Insightful book by two master strategists

Even though the Clinton vs. Bush campaign was 12 years ago, this book is well worth a re-visit. The book is relatively long but I found every page of high interest. Mary Matalin's sections on the Bush re-election were wonderful reading and I am an avowed liberal. She perfectly captured the patrician nobility of Bush Senior and the campaign that destroyed itself. From the disasterous reign of John Sununu as Chief of Staff, the tragic death of Lee Atwater, the paralysis of Margaret Tutwiler, the insanity of Ross Perot, the mean-spiritedness of Patrick Buchanan, the shrill defeatism of Rich Bonds, and the often confused and muddled voice of an out of touch President, George Bush, the characters are vividly drawn and almost sympathetic. Carville on the other hand is masterful in his analysis of the consciousness of the American Everyman. The strength of Carville's strategy is common sense played offensively. He respects the middle class American sense of irony and skepticism trying to move toward optimism and problem solving.
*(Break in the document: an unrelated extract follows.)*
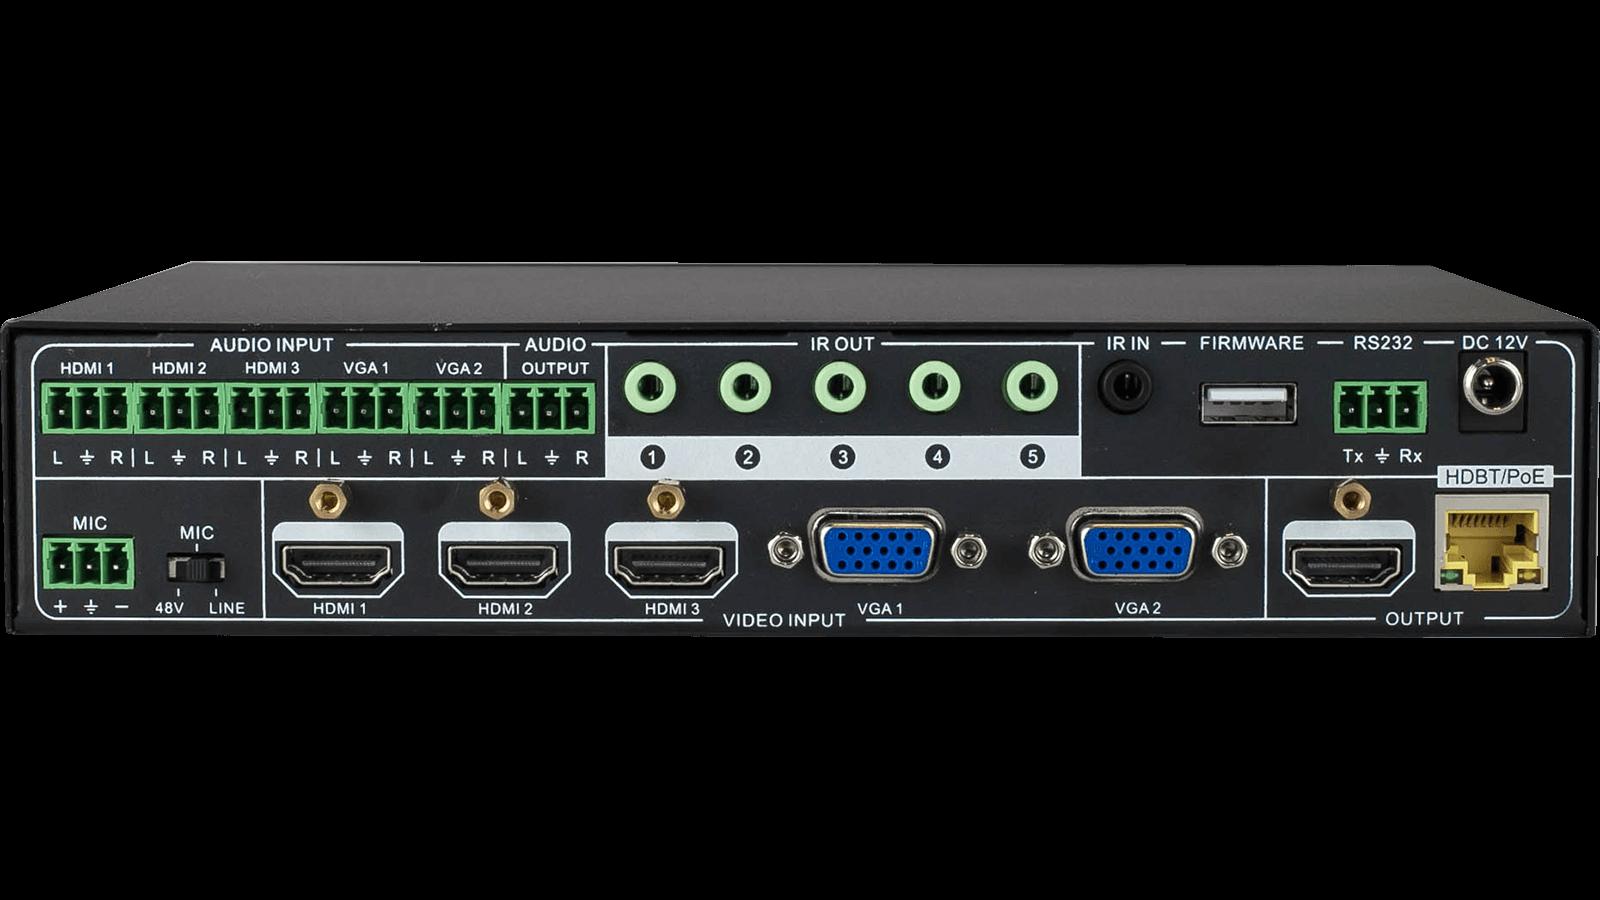 Intelix Digi P52 3 Hdmi 2 Vga Presentation Auto Switcher

Even though the book is 478 pages long, it is really a fast read. Both Matalin and Carville are witty, strategic professionals with years of experience. I didn't get the book to read a sappy love story and I was glad the book focused on the considerable professional experiences of this couple rather than on their fledgling romance. Carville's desciptions of Bill Clinton do the man justice as a flawed but brilliant leader. Matalin's desciptions of George Bush do the man justice as a man who believes his class, gender, and race was destined for leadership but he just can't navigate the reality of the average American experience. Where both Matalin and Carville converge is in their perspectives on Patrick Buchanan, a mean hateful old man, and Ross Perot, a crazy old man. Besides a blow by blow detailed story of the Clinton vs. Bush campaigns from beginning to end, the book is full of political wisdom and strategy.

Great Political Book!

Even though this book is almost 500 pages, I really sped right through it. If you are a political nut like I am, you will absolutely love this book. It mainly focuses on the 1992 presidential election (if you are looking for intense details of Matalin and Carville's relationship, you are looking at the wrong book) But it offers so much. It really is a he said/she said blow-by-blow account of the entire election. The format for this book is the best possible one. It keeps in interesting, entertaining, easy-to-follow and enjoyable. I could hardly believe that at certain points Matalin caused me, an avowed liberal, to feel sorry for Bush over his loss for reelection. I could hardly put this book down, and loved it throughout. Read this book if you are into politics, election campaigns, or stategies. You will not be disappointed.

For either side of the political spectrum

This book is one of my favorites. I read it for a class in college, and often go back to re-read it. I've purchased several copies as gifts for my politico friends as well. The style goes back and forth between Ms. Matalin and Mr. Carville, almost as if one is listening in on a conversation. They even interrupt one another! It's great fun to read, and definetly fun to quote. Both authors are brilliant people, with big opinions. --Jessica

For every political junkie in America

James Carville and Mary Matalin are always entertaining to watch on television, no matter what they're talking about, so there was no way this book could have been anything less than massively entertaining. It works outstandingly on two different levels -- first of all, it's a blow by blow of the 1992 presidential election, with a lot of the background scuttlebutt and the inside information. You get a real sense of how disarrayed the Bush campaign was, how amazingly the Clintonistas got over some of their hassles. Secondly, though, it's a profoundly in-depth look at the way in which two people who supposedly could have nothing in common develop love, and in that sense it's very touching. James Carville's puppy-dog slavishness to Bill Clinton reads a little off-key now that Big Bill is coming to the end of his eight controversial years (Monica was still in the future when this book was written), but all in all this is a wonderful book.